木村委員長 御異議なしと認めます。よって、そのように決しました。

    ―――――――――――――

木村委員長 質疑の申し出がありますので、順次これを許します。寺田稔君。

寺田(稔)委員 自由民主党の寺田稔でございます。

 きょうは、防衛庁設置法の改正案の審議に入るわけで、私も三十分ほどお時間をいただくわけでございますが、まず冒頭、野党側が、与党側の再三の要請にもかかわらず審議拒否という、議会制民主主義を本当に愚弄する挙に出ている。
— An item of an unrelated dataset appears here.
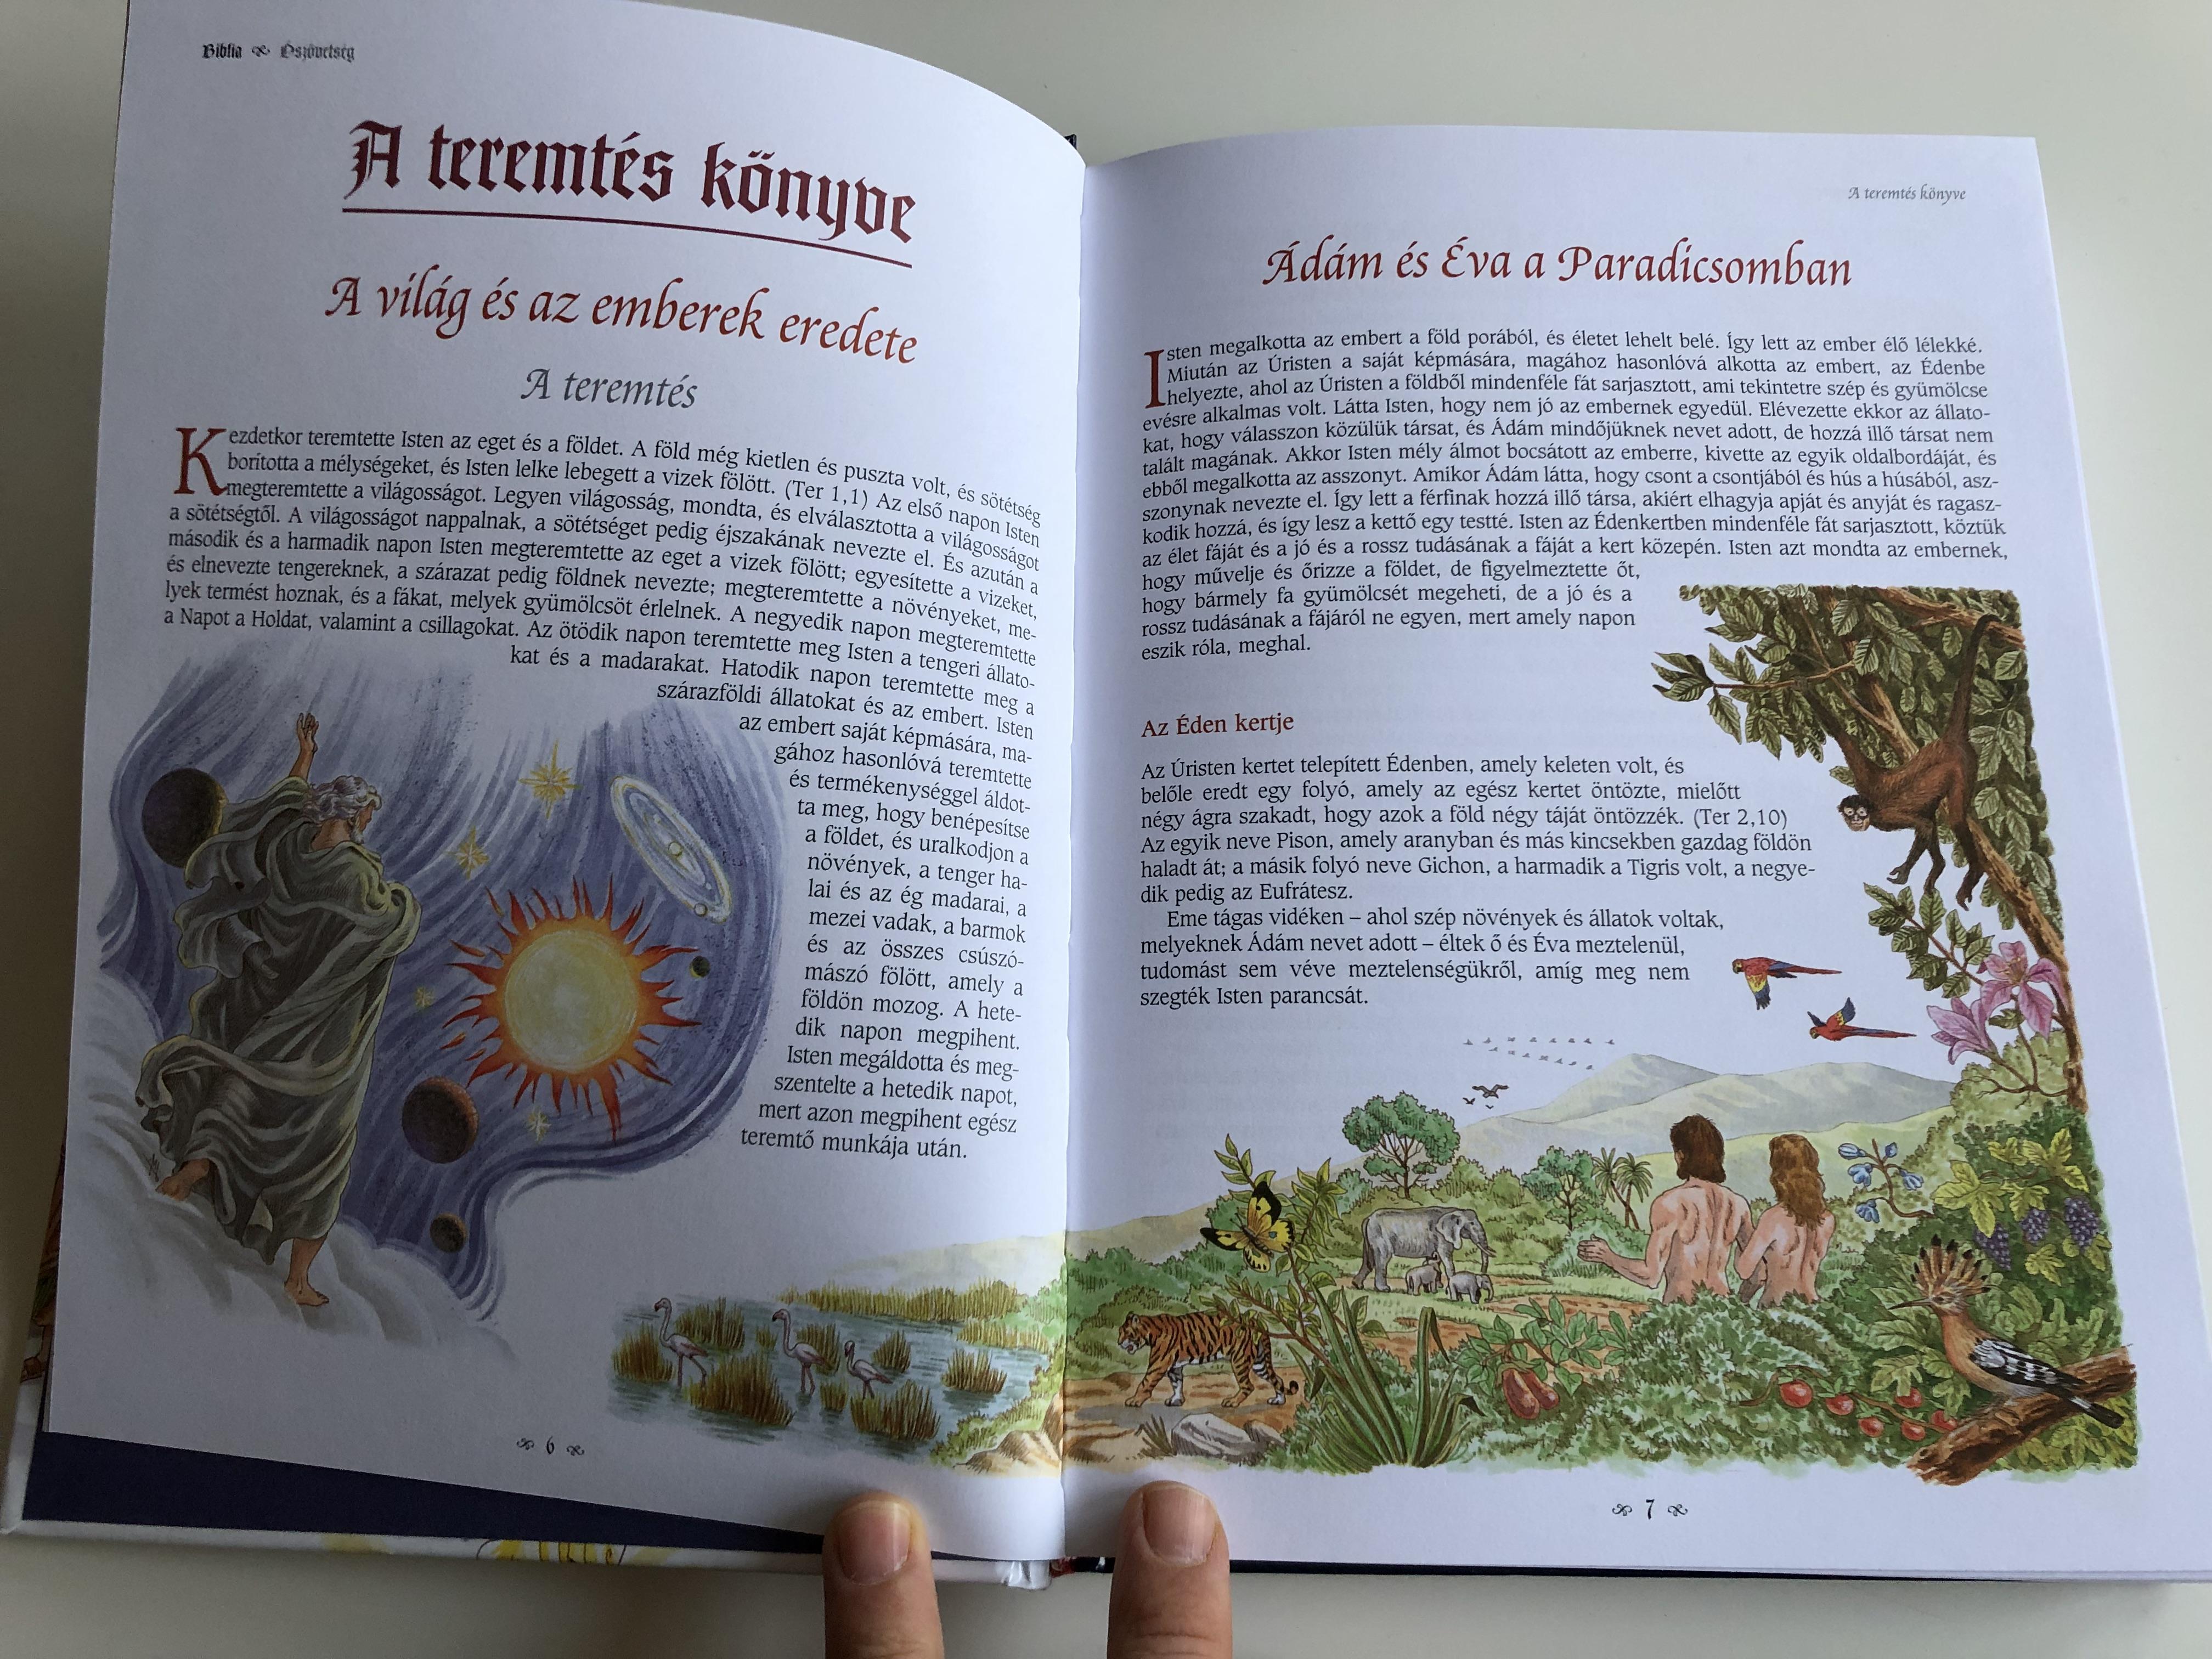 biblia-gyermekeknek-hungarian-bible-for-children-editor-campos-jim-nez-m-ria-hardcover-2010-napraforg-kiad-3-.jpg

しかも、我々は、この野党の諸要求に対しましても本当に丁寧に対応してきたわけでございます。そうした野党の暴挙に対しまして強く抗議をするものであります。

 それでは、懸案となっております防衛庁の省昇格について、きょうは大臣そしてまた副大臣にお伺いをいたしたいと思います。
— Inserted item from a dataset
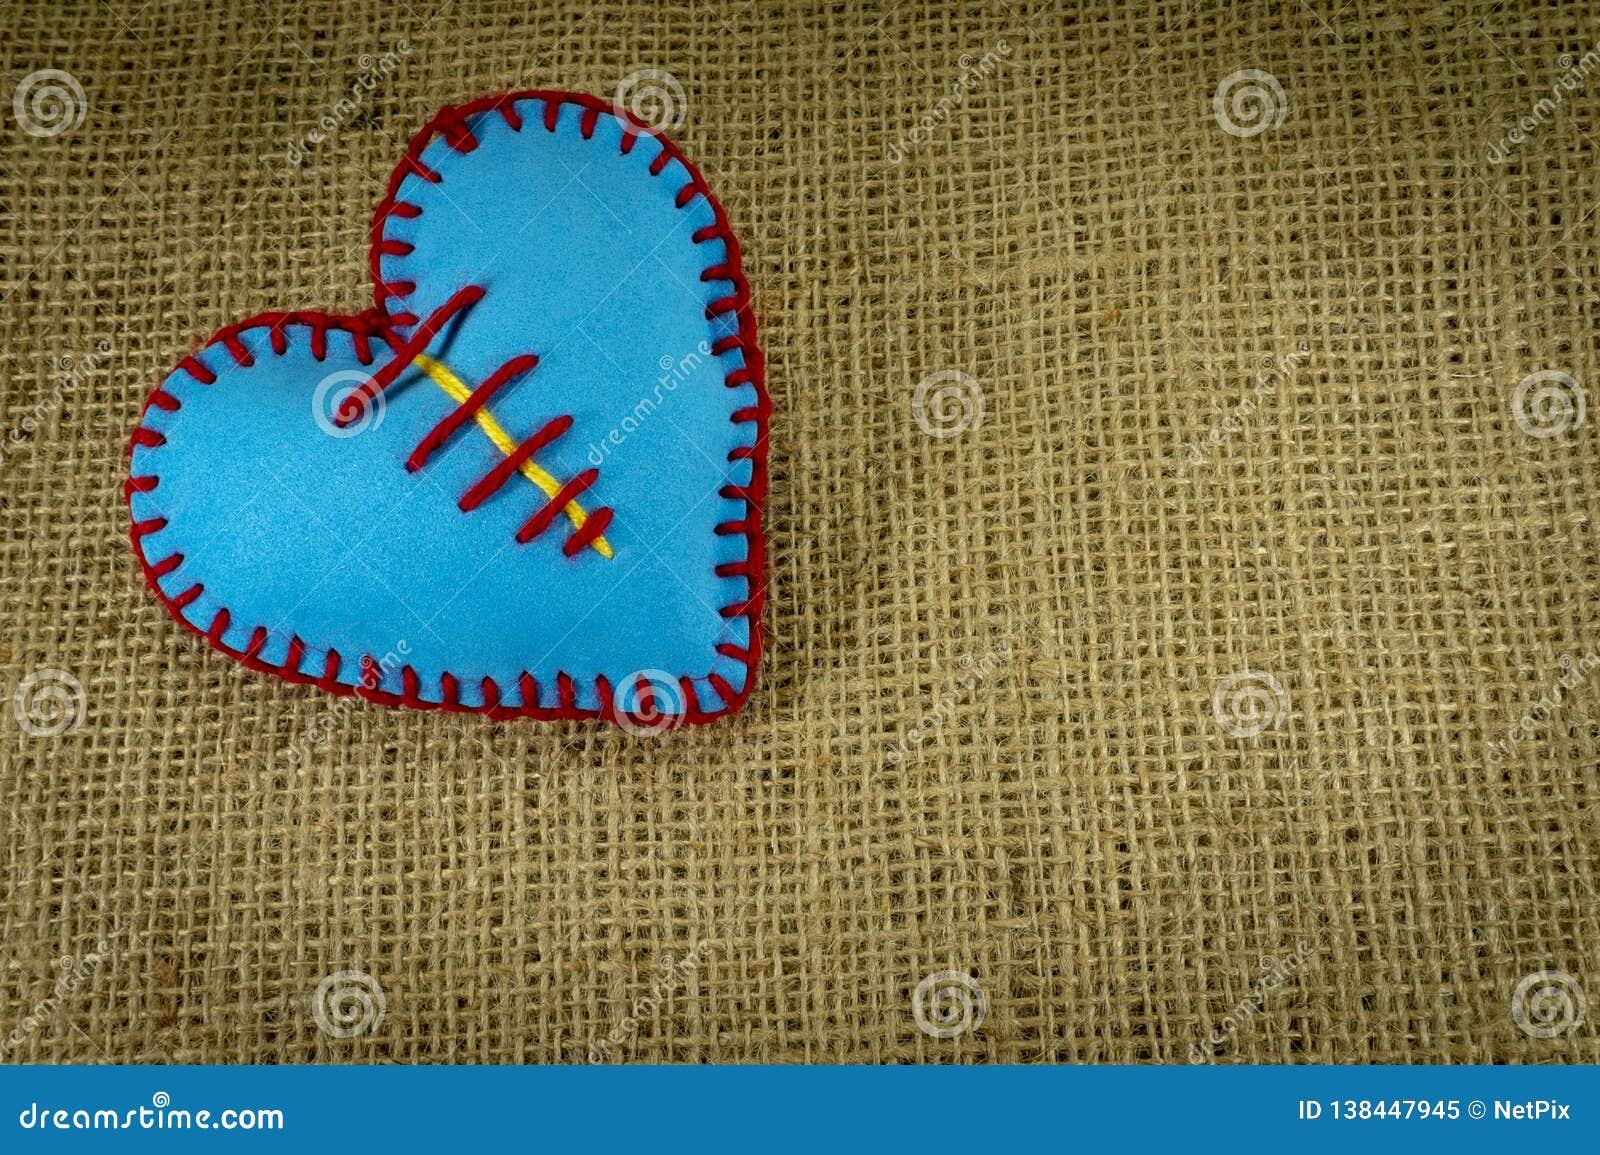 Hand Stitched Blue Foam Sheet Toy Heart On Jute Stock Image - Image

 この防衛庁の省昇格問題、これはもう本当に長年にわたります政治の悲願であり、そして最重要課題であることは論をまたないわけでございます。そして、この省昇格については、近時におきましても、平成九年の行革会議以来、足かけ八年間にわたりまして、さまざまな場でこの議論が行われてまいりました。そしてまた、五年前の平成十三年には議員立法としても提案をされたことがあるわけでございます。大臣も、その提案者のお一人として、当時の議員立法をされたやにお伺いをいたしております。

 それ以後もさまざまな場で議論が行われました。そして、今回、この政府提出の閣法として国会に提出をされたことはまことに意義深いことであり、大変大きな意味を持つものであるというふうに考えております。我々も、党内におきまして国防部会あるいはまた行革推進本部等の場においても濃密な議論を積み重ね、今回の法案提出を強力に支援してきたわけでございますが、まず冒頭、今回の閣法としての提出につきまして、防衛庁長官としてのお考えをお伺いいたします。
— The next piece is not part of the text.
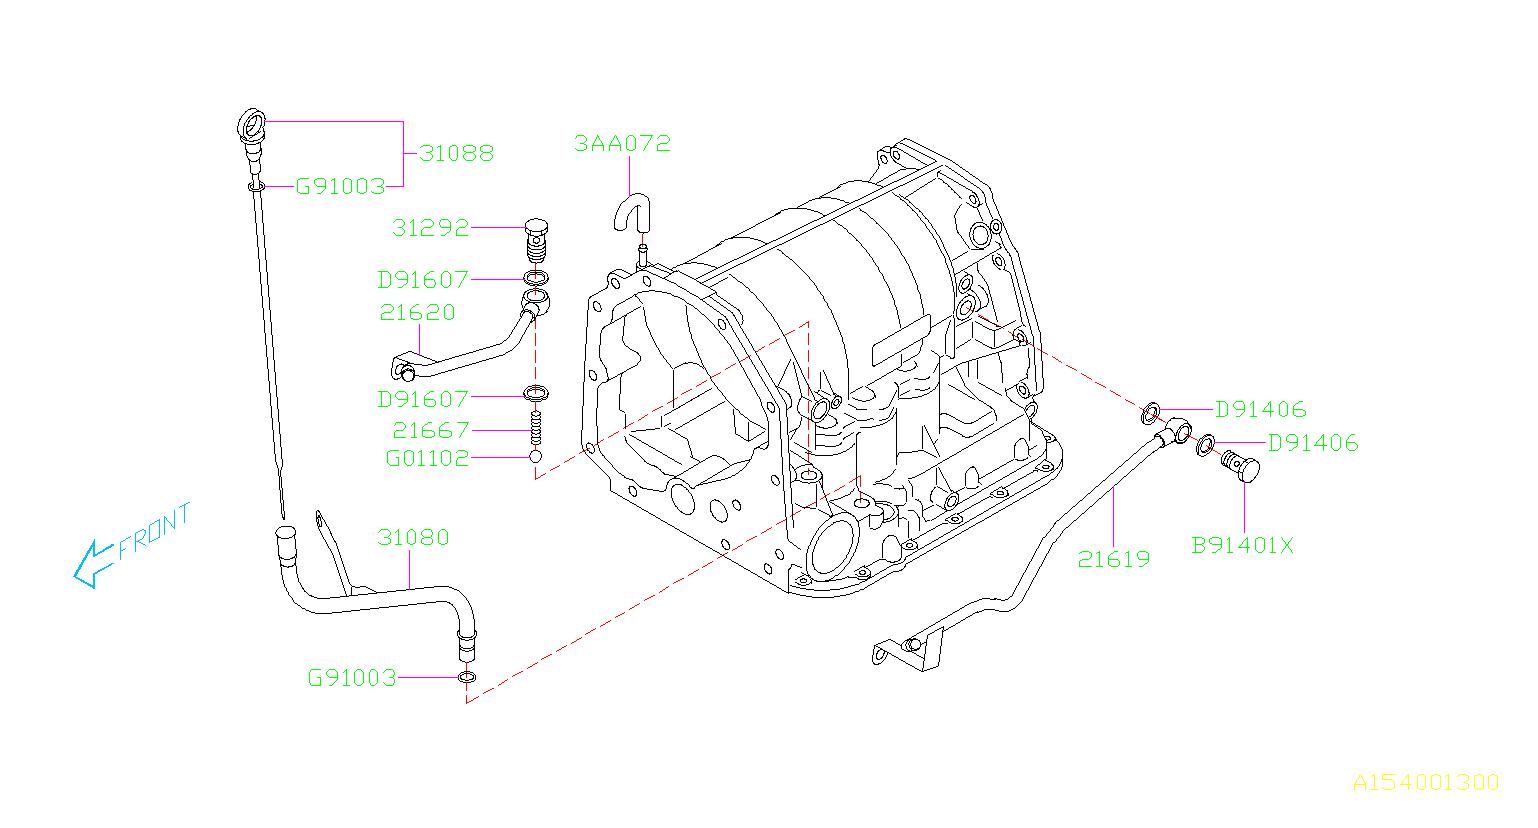 Subaru Impreza Automatic Transmission Dipstick  Gauge At Fluid Level

久間国務大臣 本当に長い道のりであったと思います。戦後ずっと、防衛庁としてスタートしましてから、その後昭和三十九年には閣法として出そうということで政府決定を一たんしたんですけれども、国会には出されませんでした。今おっしゃられましたように、議員立法として出たことがございまして、私も提案者、賛同者の一人として名を連ねたことがございました。しかしながら、国の、政府の組織を議員立法でつくるというのは、ある意味ではちょっとどうかなという、内心じくじたる思いもそのときはありました。

 その後、いろいろな各党間の意見の調整の中で、自由民主党と公明党とで、やはり出す以上は閣法で、政府の責任において出すべきである、そういう決定がされまして、政府の方でもそれを受けた形で、閣法として前国会に出たわけでございまして、今国会でようやくその審議がスタートしたというのは全くもって感無量でございますが、やはり政府の組織をきちんと決めるのを閣法で出したということに私は大きな意義があろうと思いますし、出す以上は政府の責任においていろいろな説明責任を負うわけでございますから、そういう責任を持って提出したということを理解していただいていいんじゃないかと思っております。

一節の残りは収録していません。